Nedir o zaman aydınların görevleri? Düşünelim. İlk görevi şudur bence: Aydınlarımız, özellikle de öğretmenlerimiz her vesileden yararlanarak halka koşmalı, halk ile bir arada olmalıdır. Halka yaklaşmak, halkla kaynaşmak daha çok aydınlara düşen bir görevdir. Yukarda vurguladığım gibi, bunda başarılı olmak için de aydın sınıfla halkın zihniyet ve hedefi arasında doğal bir uyum olması gerekir. Bunun anlamı şudur: Aydınlar halka telkin edeceği fikirleri halkın ruh ve vicdanından almış olmalıdır.

Bizde böyle mi olmuştur, ne yazık ki hayır. Aydınlarımız arasında çok iyi düşünenler vardır. Fakat genel olarak hatâmız şudur: İnceleme ve araştırmalarımıza temel olarak çoğunlukla kendi ülkemizi, kendi tarihimizi, kendi geleneklerimizi, kendi özelliklerimizi ve ihtiyaçlarımızı almayız. Aydınlarımız belki bütün dünyayı, bütün diğer milletleri tanır, fakat bizi, kendimizi bilmezler. Oysa bir millet için mutluluk olan bir şey diğer bir millet için felaket olabilir. Aynı sebep ve koşullar birini mutlu ettiği halde, diğerini mutsuz edebilir.
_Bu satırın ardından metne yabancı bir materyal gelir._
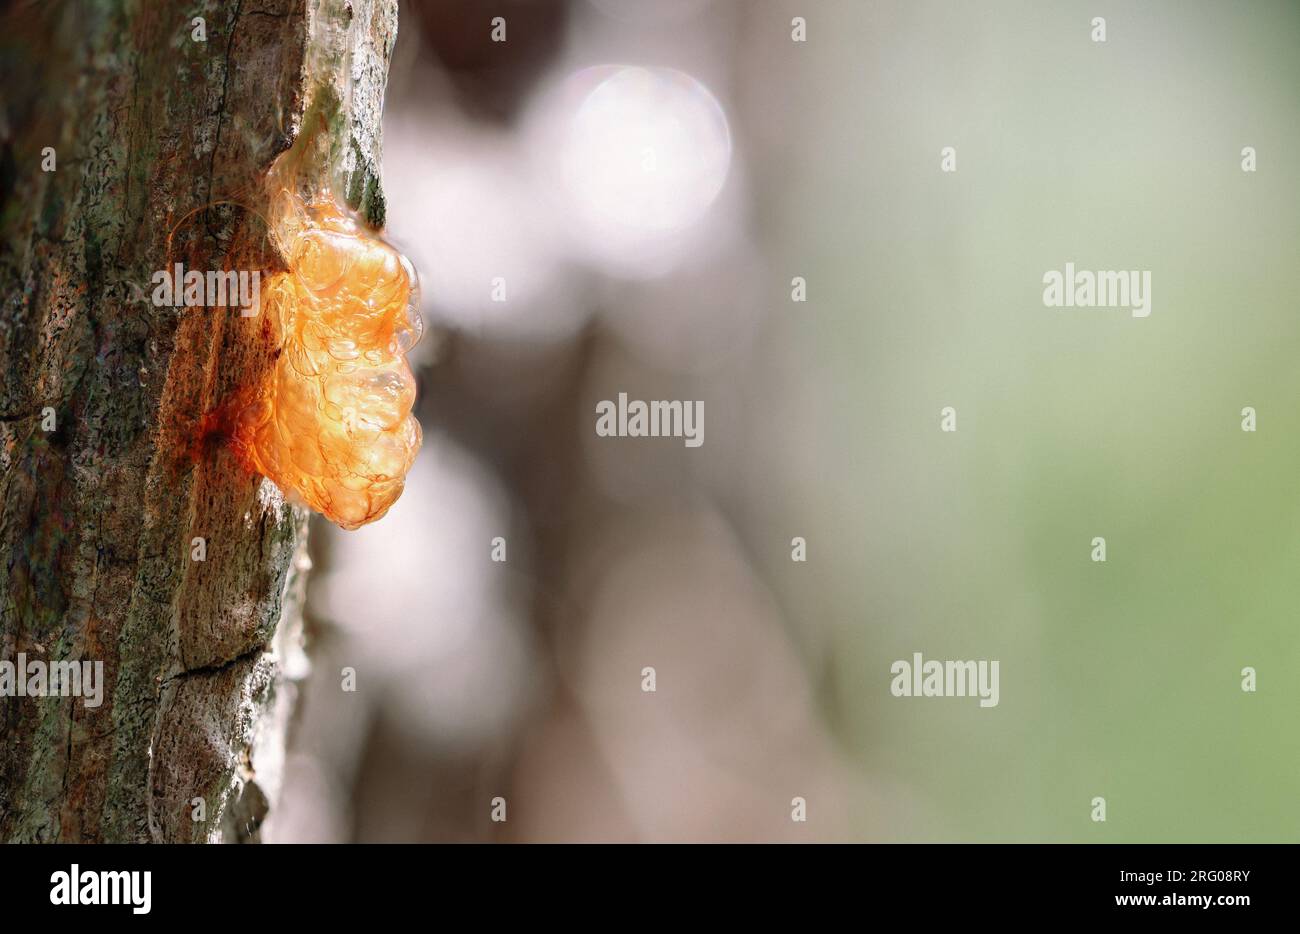 Resin / sap on the side of a tree. The sap has caught the light in an interesting way and seems to glow. It is orange / yellow. A natural phenomenon. Stock Photo

Onun için, aydınlar; milletimize gideceği yolu gösterirken, dünyanın her türlü biliminden, her türlü buluş ve ilerlemelerinden faydalanmalı; fakat, asıl temeli kendi içimizden çıkarmalıdır!

* * *

Yukarda belirttim, aydınlar her yerde, bütün Türkiye’de halkın içine girmeli, halkın arasına karışmalıdır. Milleti yükseltmek için çalışmalıdır. Ocak 1923’de İzmit’te gazetecilere ve diğer bir konuşmamda açıkladığım gibi: Aydınlar ve millete yol göstermek için çalışan ve bunu şiar edinenler, doğrudan doğruya Ankara’ya gelsin ve bu arzuyu kendisinde duysun! Ve aynı zamanda, Ankara’ya değil, Van’a, Erzincan’a, Bitlis’e gitsin. Hatta köylere gitsin, yol göstersin, alışkanlıkları değiştirsin. Bugün burada konuşurken, şunu yapalım, bunu yapalım, diyoruz. Bunların hepsinden önce, asıl oralara gidip çalışmak lazımdır. Örneğin Ziya Gökalp Bey Diyarbakır’dadır. Gazetesinden bugün çok istifade edilir. Fakat oradan ayrılması ülke için çok zararlıdır. İki günlük hayatı ile Diyarbakır’da vücuda getirdiği duyarlılık dikkat çekicidir. Dolayısıyla aydın kişilerin her biri başlı başına gidebileceği çevrelerde bir dünya vücuda getirebilir. Ülkenin içinde yalnız bir yerde değil, beş on yerde ışık merkezi, kültür merkezi meydana getirebilmeliyiz ki, ülke mutlu olabilsin.

* * *

Türkiye Büyük Millet Meclisi ve hükümeti, ülkenin bütün vicdanlı ve namuslu aydınları, kendilerine düşen görevi iki nedenden dolayı idrak etmişlerdir: Öncelikle bilirler ki, bu milletin ve ülkenin birer evladıdırlar. İkincisi, üyesi oldukları toplumun uygarlık dünyasında değerini ve derecesini yükselttikçe bunun kendileri için ne derece onur ve mutluluk vesilesi olacağını düşünürler. Bu görev ülkeyi ve milleti mevcut uygarlığın ve insanlık gereklerinin zorunlu kıldığı olgunluk derecesine getirmek için bütün varlıkları ile her türlü çalışma kollarında en doğru yolları aramak, bulmak ve bunun en doğru olduğunu millete anlatmakla beraber, üzerinde hızlı ve geniş adımlarla yürümeyi ve bütün milleti yürütmeyi temin etmektir. Bunda başarılı olmanın gerektirdiği nitelikleri düşünürsek, bu niteliklerden mevcut olanlarını istifade mevkiine koymalıdır. Mevcut olmayanlarını elde etmeye çalışmak konusundaki gayretin ne kadar geniş ve ne kadar ciddi olması lazım geleceğini de takdir etmelidir.

* * *

Aydınlar halkın ilerleme ve yenilik arzusunu tatmin etmelidir. Bizim milletimiz ilerlemeye, yeniliğe, gelişmeye son derecede yetenekli ve istekli bir toplumdur. Ülkemin birçok yerinde gözlemledim bunu. Hep bu duyarlığı, bu yüksek uyanıklığı ve dikkati gördüm. Aydınlar milletin bu özlemini, bu arzusunu tatmin etmeyi resmî ve günlük görevleri dışında, onun üzerinde yüce ve ulusal bir görev olarak görmelidir.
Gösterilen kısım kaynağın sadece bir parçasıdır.